**EXERCISE DESCRIPTION**
Print the whole listing below exactly, skipping every picture.

**DATASET EXCERPT**
###

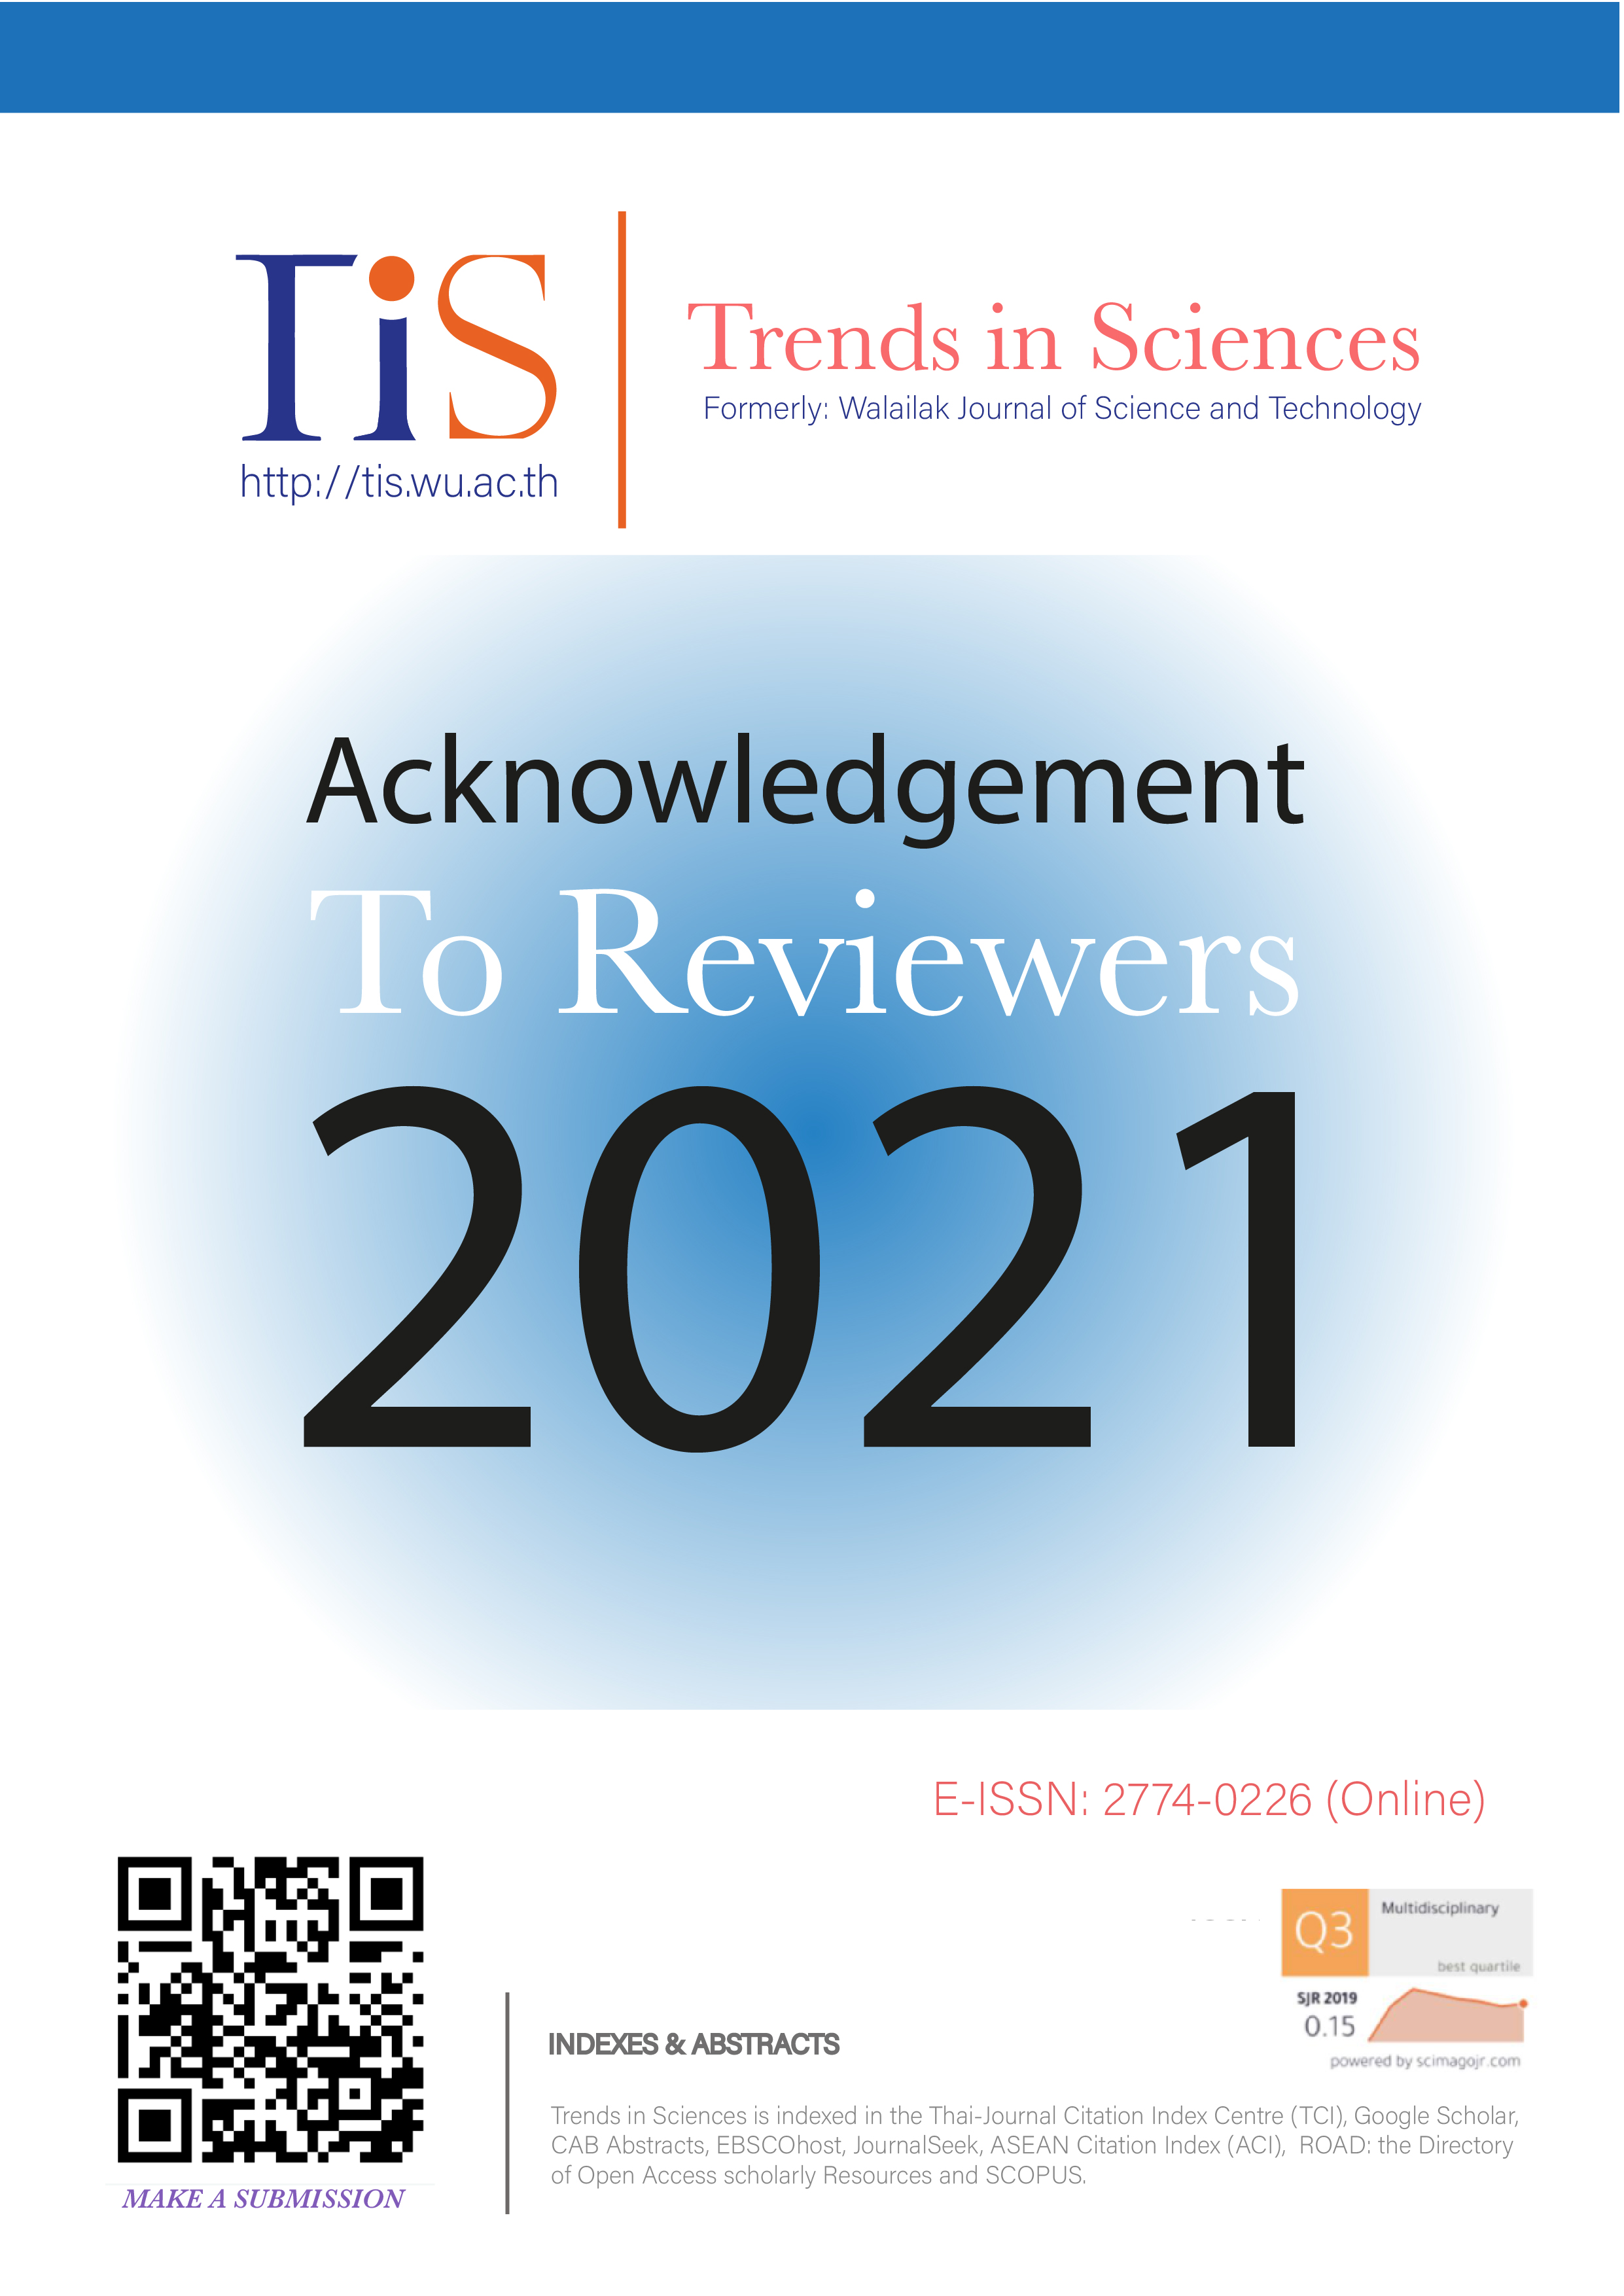 					View Acknowledgement to Reviewers in 2021
				
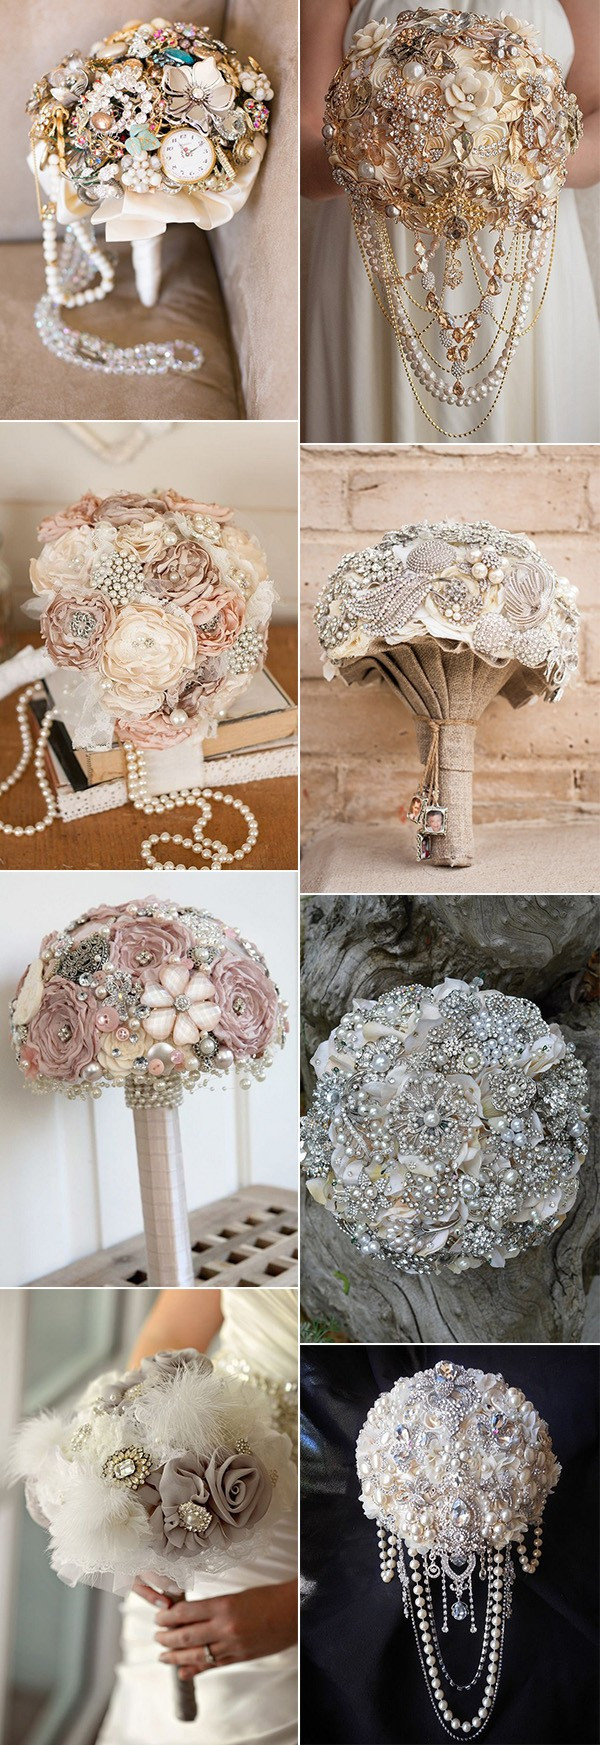 Brooches Ideas
 Top 10 Vintage Wedding Brooch Bouquet Ideas for 2018

###

**SOLUTION TO THE EXERCISE**
 					View Acknowledgement to Reviewers in 2021
				
 Brooches Ideas
 Top 10 Vintage Wedding Brooch Bouquet Ideas for 2018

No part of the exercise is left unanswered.